» Your objective: Each entry below is to be written out exactly, and the pictures are to be left out.

» Records to use:
══════════════════════════════

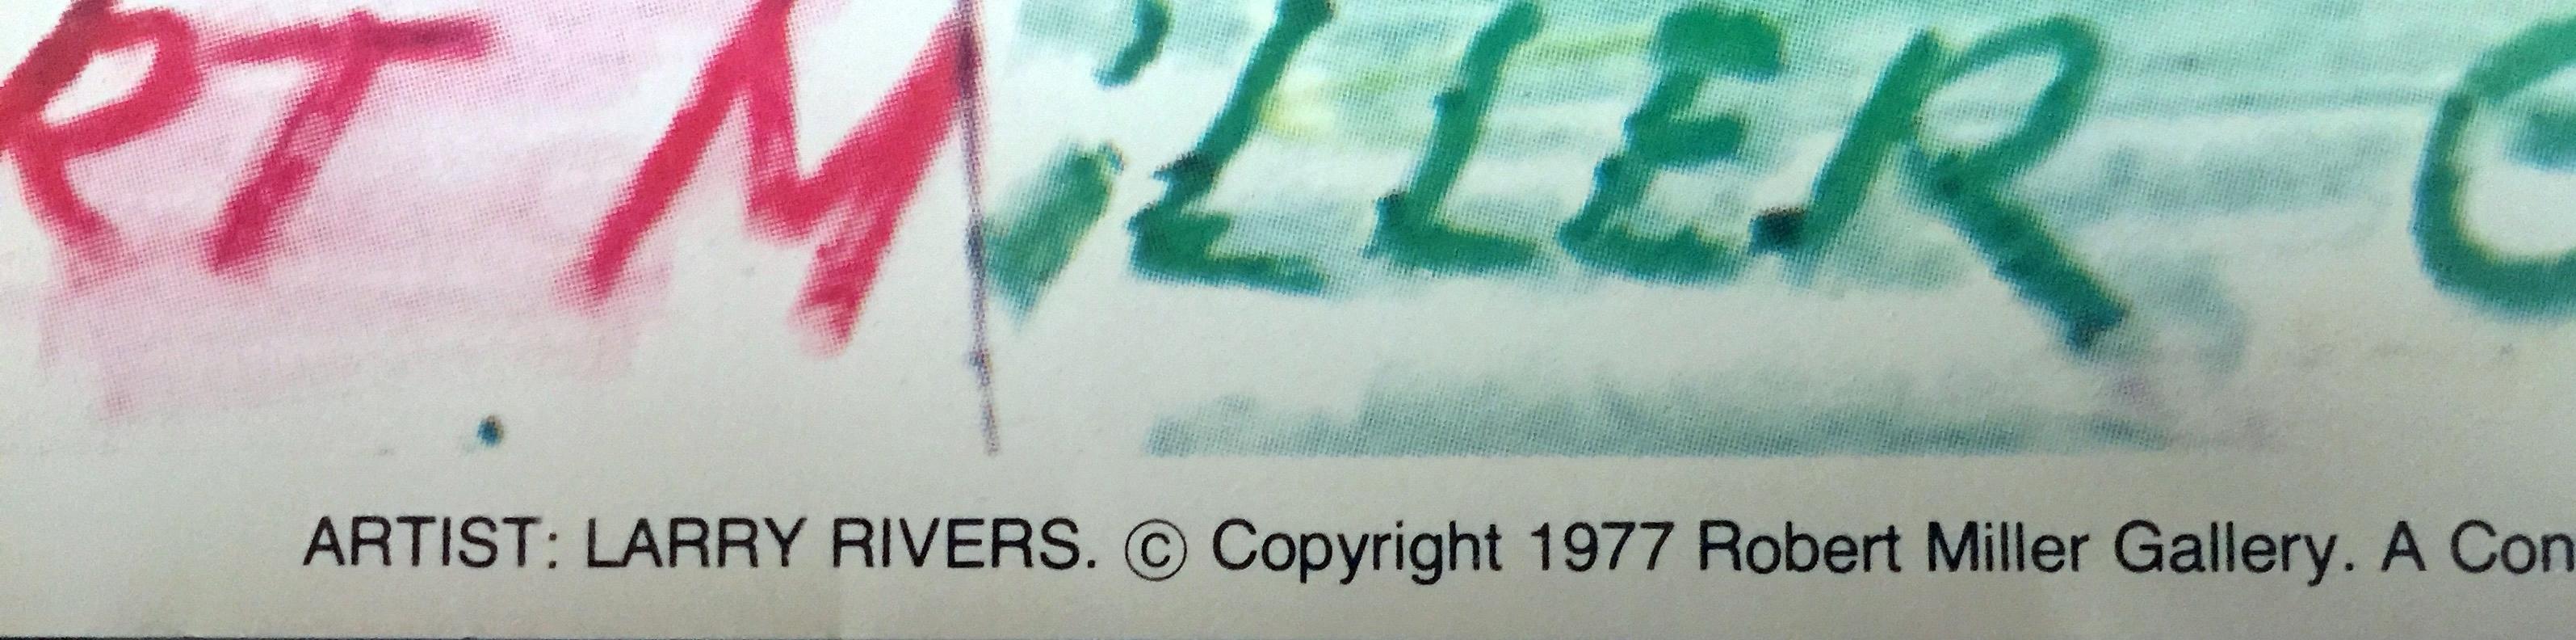 Larry Rivers
Offset-Lithographie-Poster 
Offsetlithografie-Poster auf Velinpapier 
Platte signiert (gedruckte Unterschrift)
32 × 30 Zoll
Ungerahmt
Seltene Vintage 1970er Larry Rivers Offsetlithographie Poster von der Robert Miller Gallery
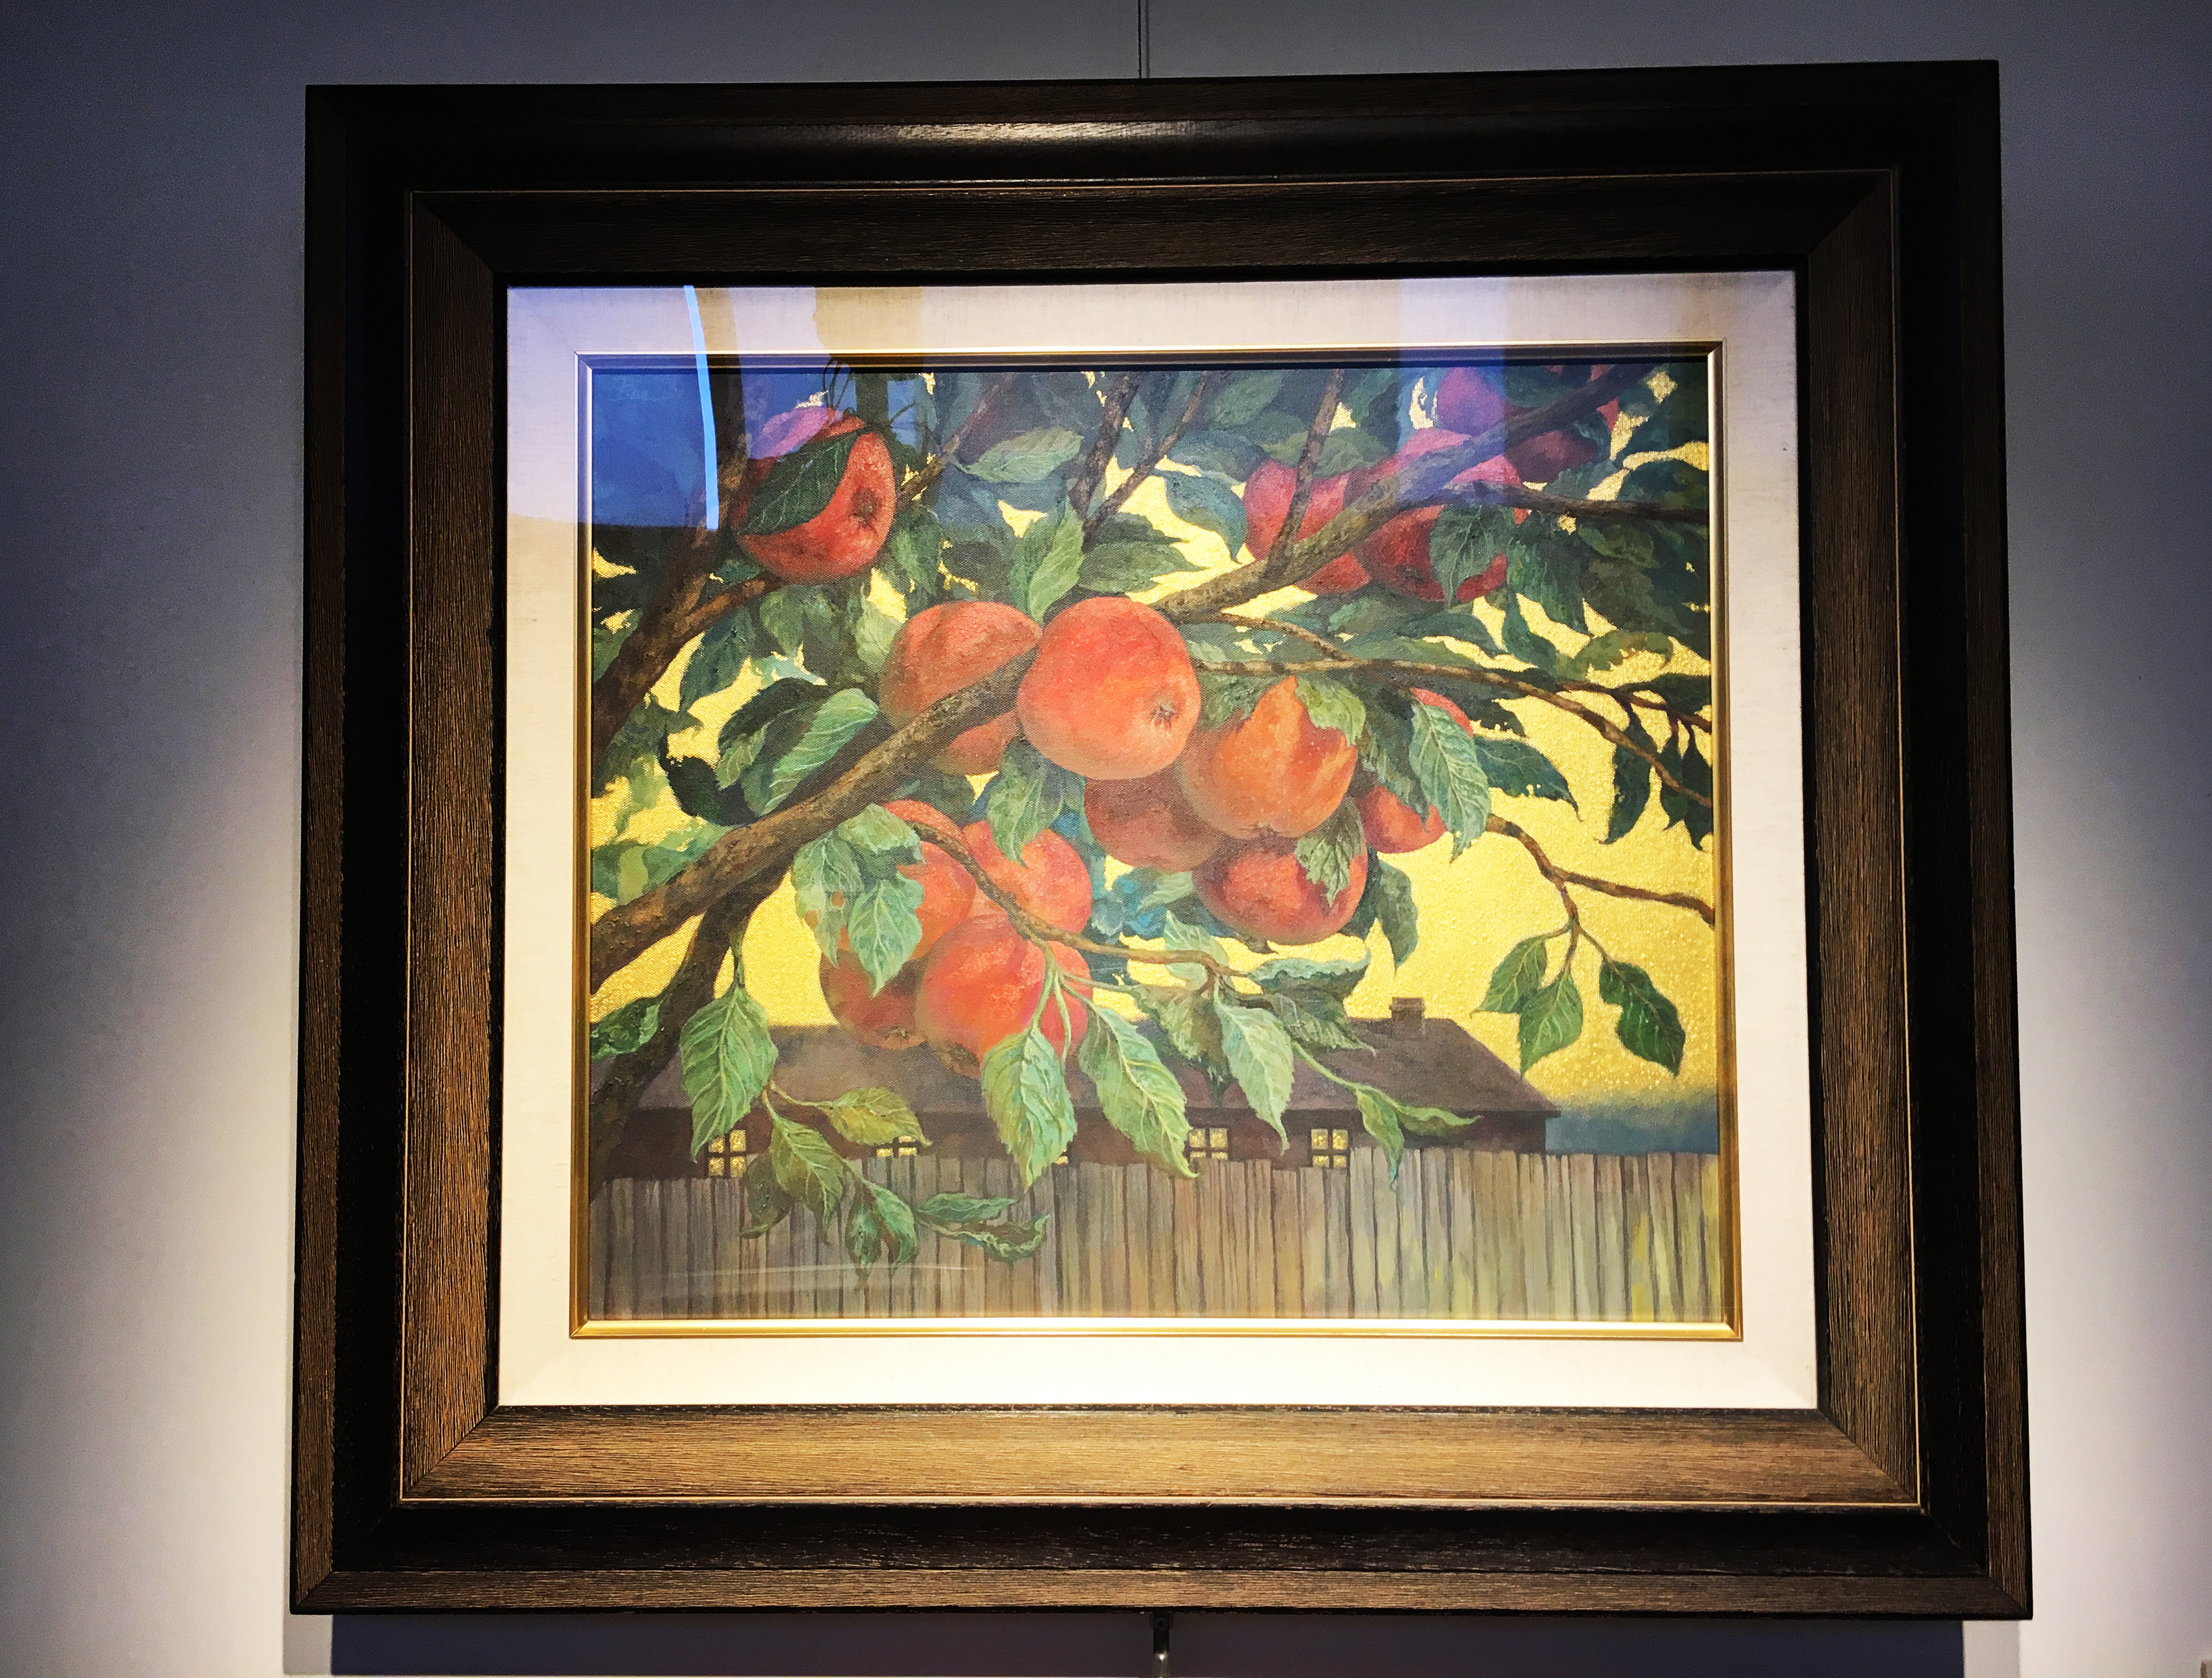 劉子平，《蘋果樹》，45.5 x 53 cm，油彩、壓克力、綜合媒材、畫布，2019。
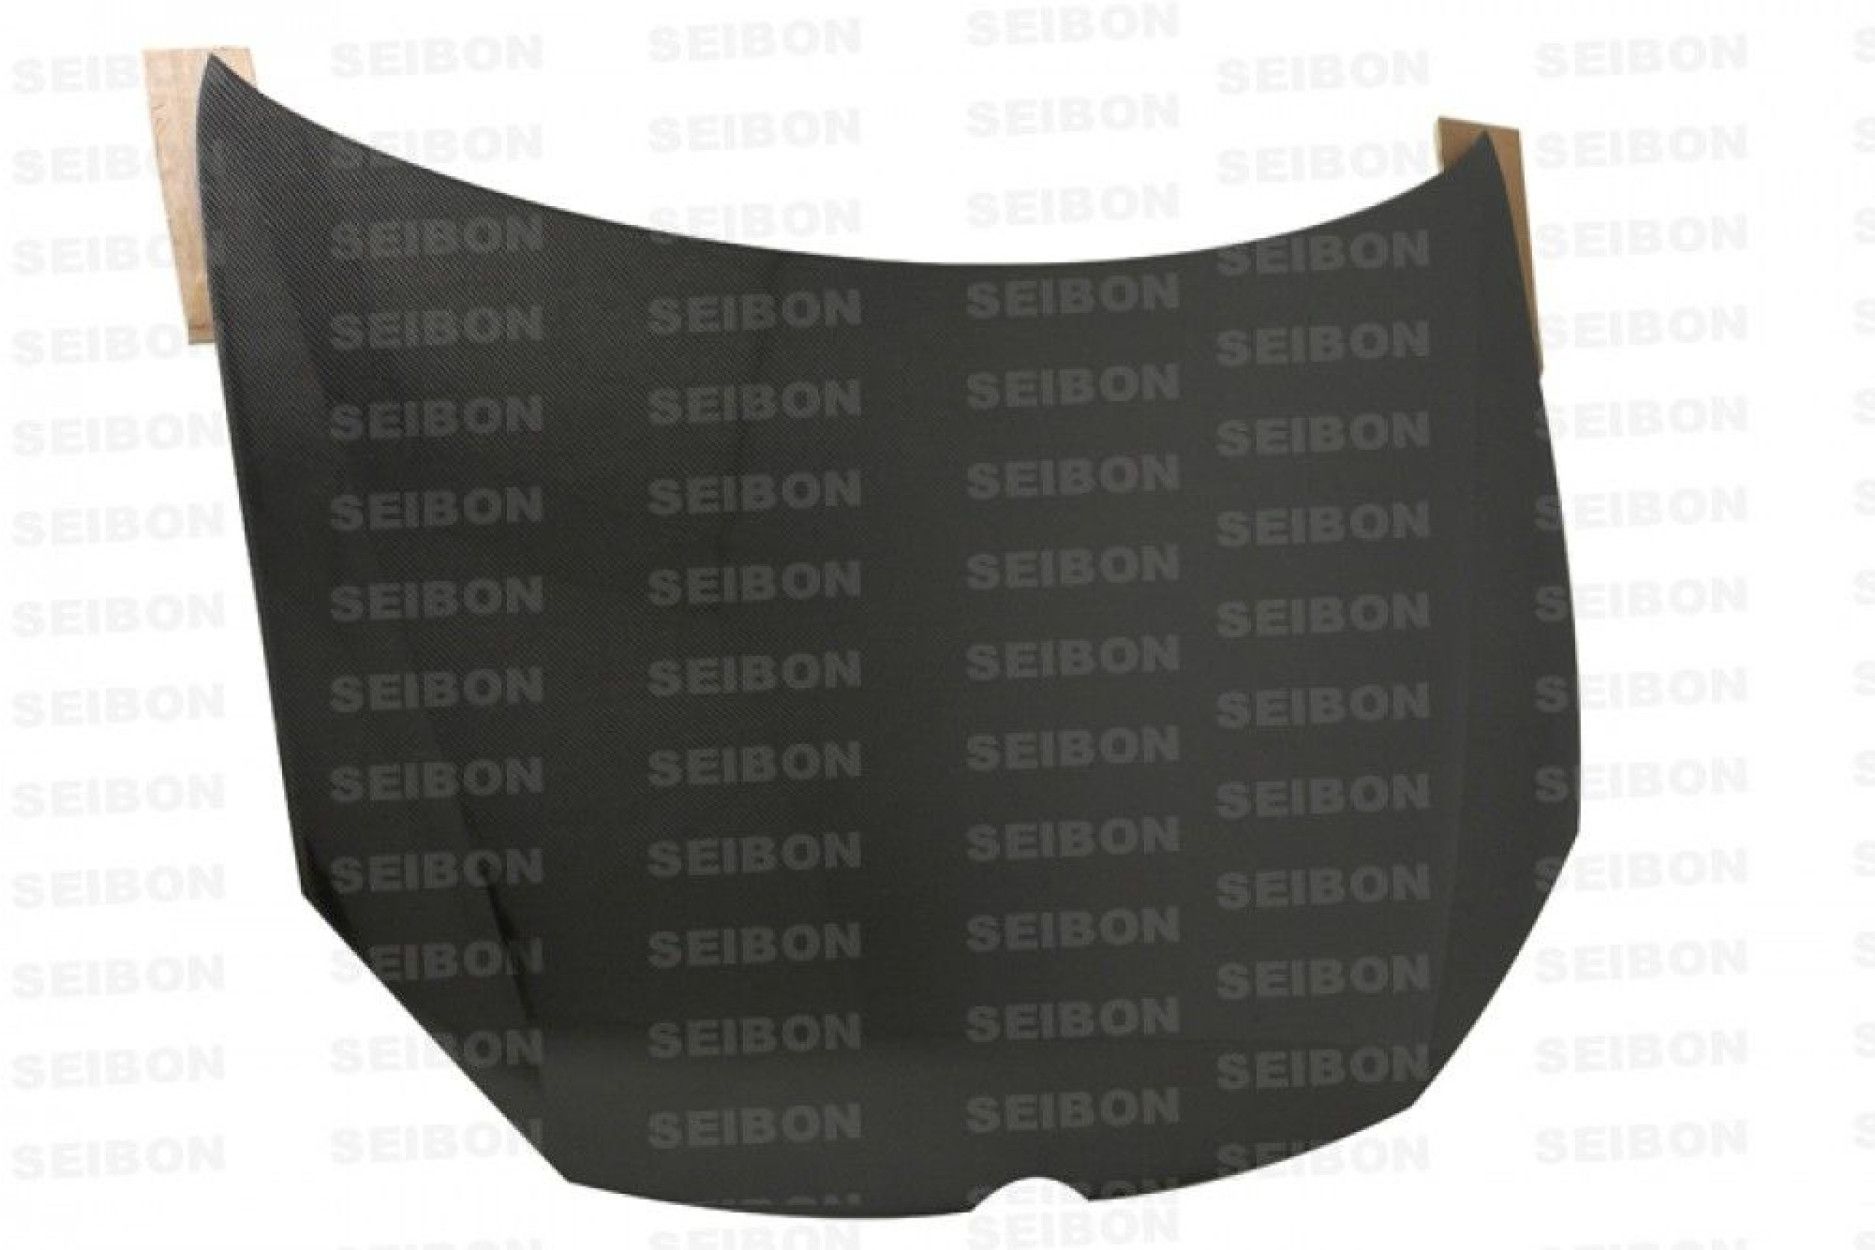 Seibon Carbon Motorhaube für VW Golf 6 und GTI 2010 - 2014 OE-Style

══════════════════════════════

» Reply to the task:
 Larry Rivers
Offset-Lithographie-Poster 
Offsetlithografie-Poster auf Velinpapier 
Platte signiert (gedruckte Unterschrift)
32 × 30 Zoll
Ungerahmt
Seltene Vintage 1970er Larry Rivers Offsetlithographie Poster von der Robert Miller Gallery
 劉子平，《蘋果樹》，45.5 x 53 cm，油彩、壓克力、綜合媒材、畫布，2019。
 Seibon Carbon Motorhaube für VW Golf 6 und GTI 2010 - 2014 OE-Style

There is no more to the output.